Evaluation of Radiomics and Machine Learning for Classifying Pulmonary Nodules in CT Images
Abstract
Purpose: Lung cancer is a deadly disease that has high occurrence and death rates, worldwide. Clinicians are widely using computed tomography imaging for the detection of lung cancer. Radiomics extracted from medical images together with a machine learning platform has given encouraging results in lung cancer diagnosis. Therefore, this study is proposed with the aim of efficiently applying and evaluating radiomics and ML techniques to classify pulmonary nodules in CT images.
Materials and Methods: Lung Image Data Consortium is utilized in which nodules are given malignancy scores 1 through 5 i.e. benign through malignant. Three scenarios are created using these scores: G54 Vs G12, G543 Vs G12, and G54 Vs G123. Radiomics is extracted using Shape, Gray Level Co-occurrence Method, Gray Level Difference Method, and Gray Level Run Length Matrix along with Wavelet Packet Transform. To select a relevant set of features, four techniques i.e. Chi-square test, Analysis of variance, boosted ensemble classification tree and bagged ensemble classification tree are applied. The classification of nodules into benign or malignant is evaluated by using six models of support vector machine.

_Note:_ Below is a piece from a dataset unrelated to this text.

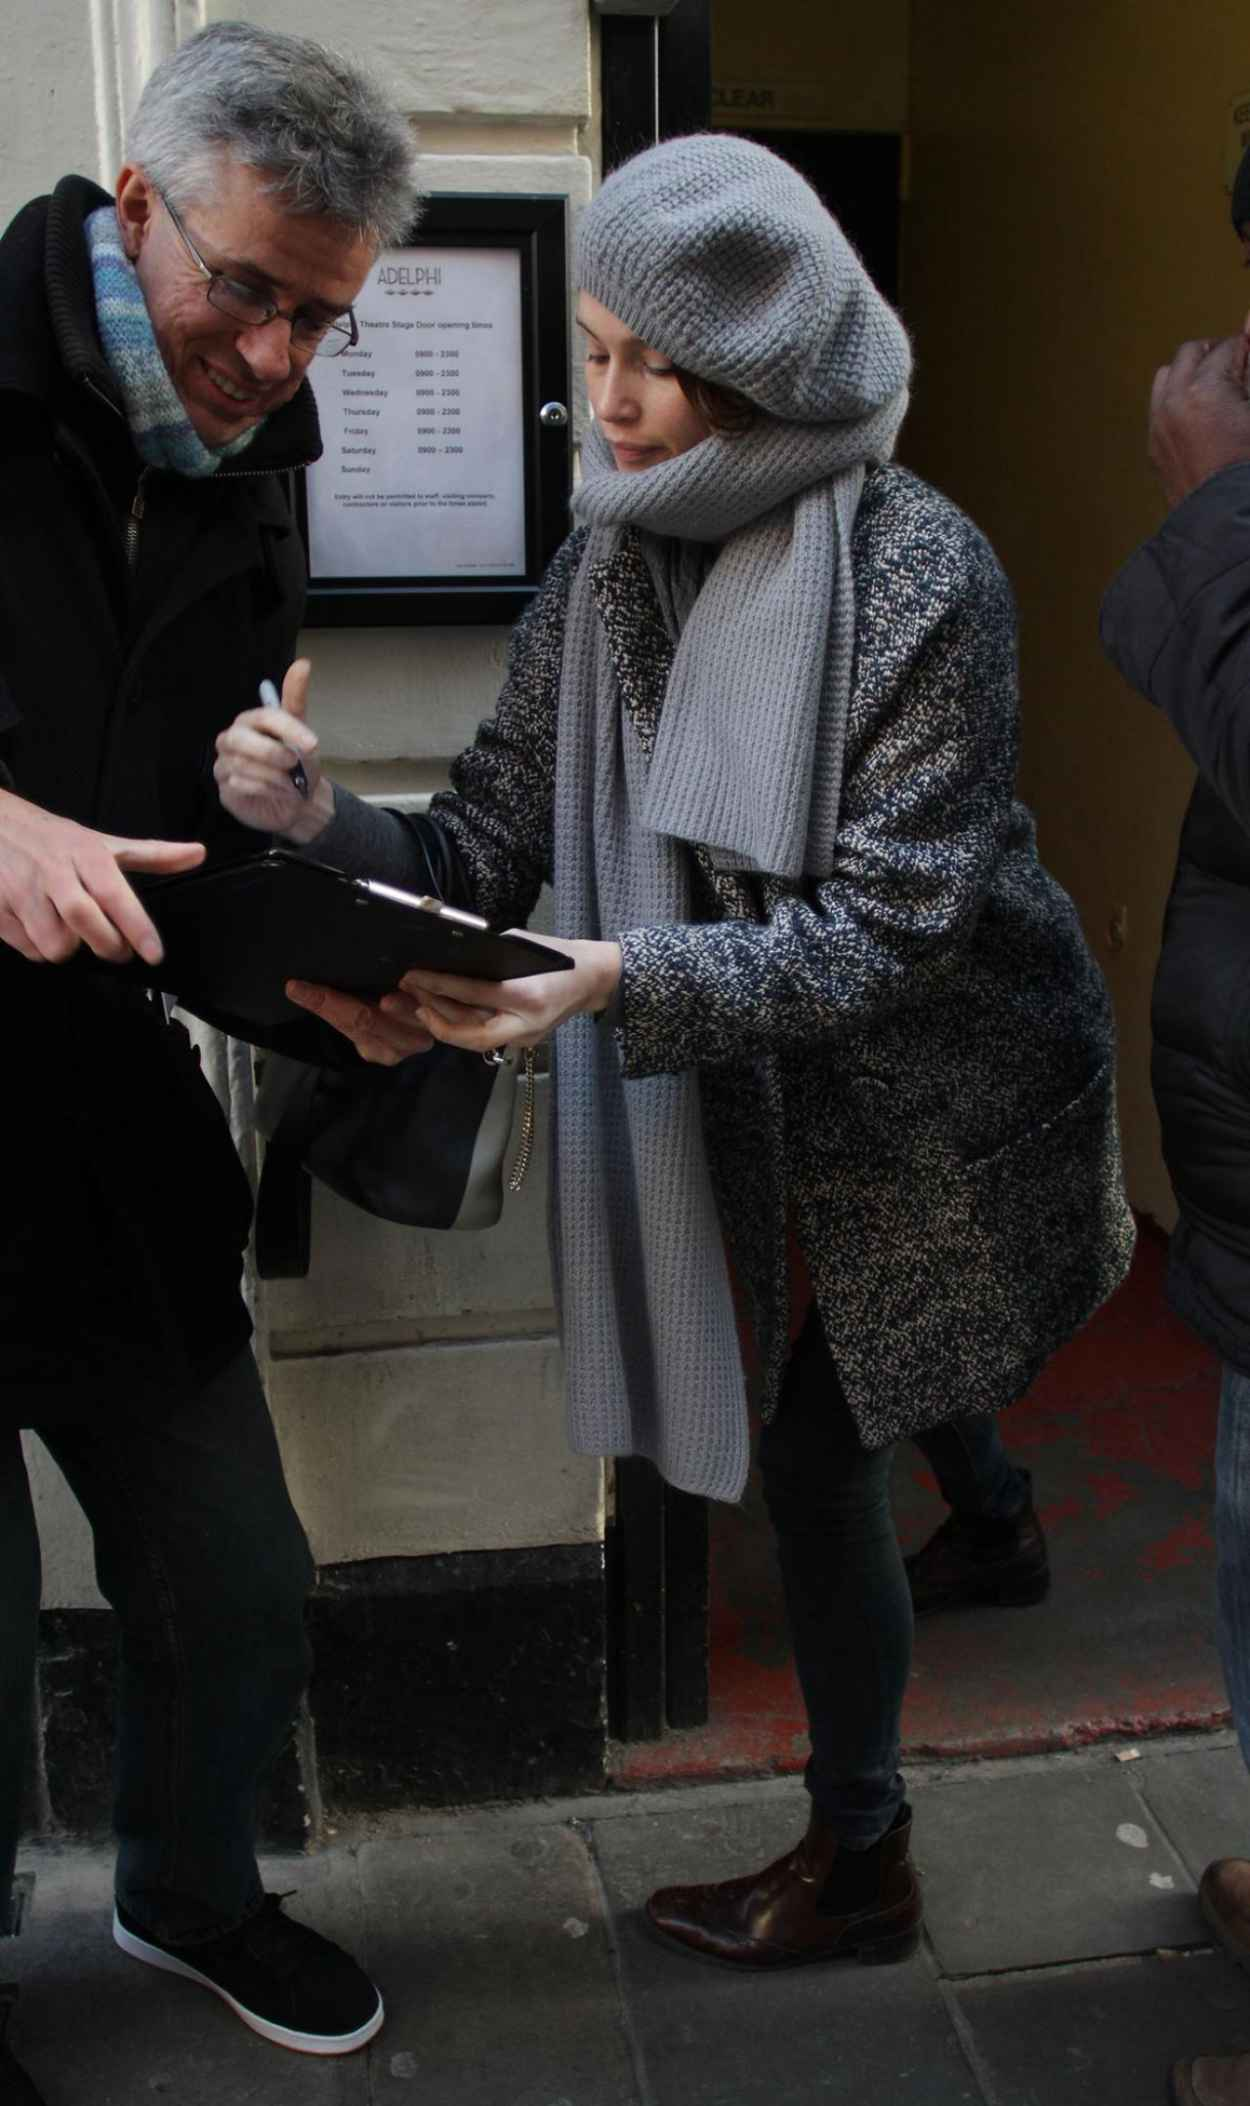 Gemma Arterton Signing Autographs - Adelphi Theatre in London, Dec. 2015-3
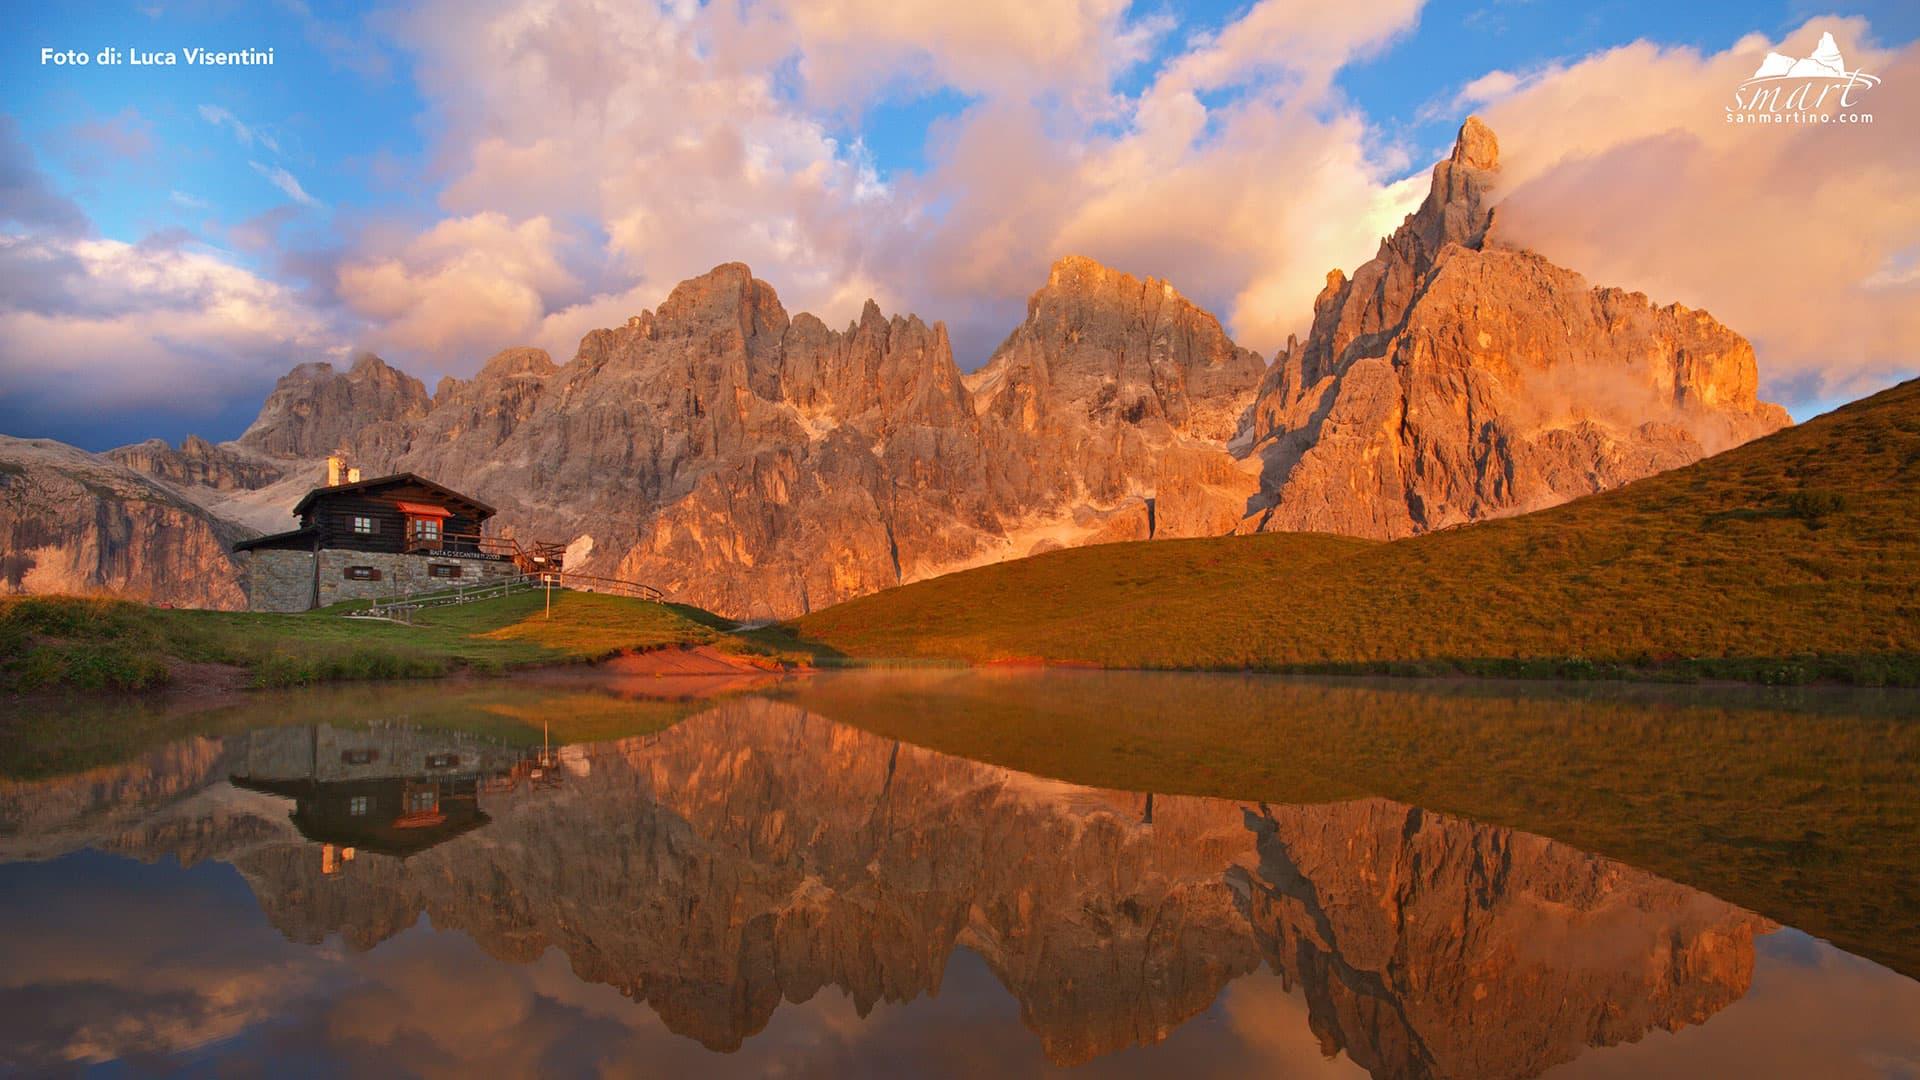 Baita Segantini Dolomiti

Results: The results, in Scenario 1, show that CGSVM+Chi-square yields the best sensitivity of 81.4%. In Scenario 2, LSVM+ANOVA yields the best sensitivity of 80.5% compared to the rest of the models, and in Scenario 3, FGSVM+BACET gives the best sensitivity of 72.3% compared to the rest of the models.
Conclusion: Overall, the study demonstrates that the radiomics and feature selection methods employed in combination with the different support vector classifiers performed significantly and achieved decent results for the classification of CT pulmonary nodules. The outcome thus can help the clinicians to diagnose, and make better decisions and treatments.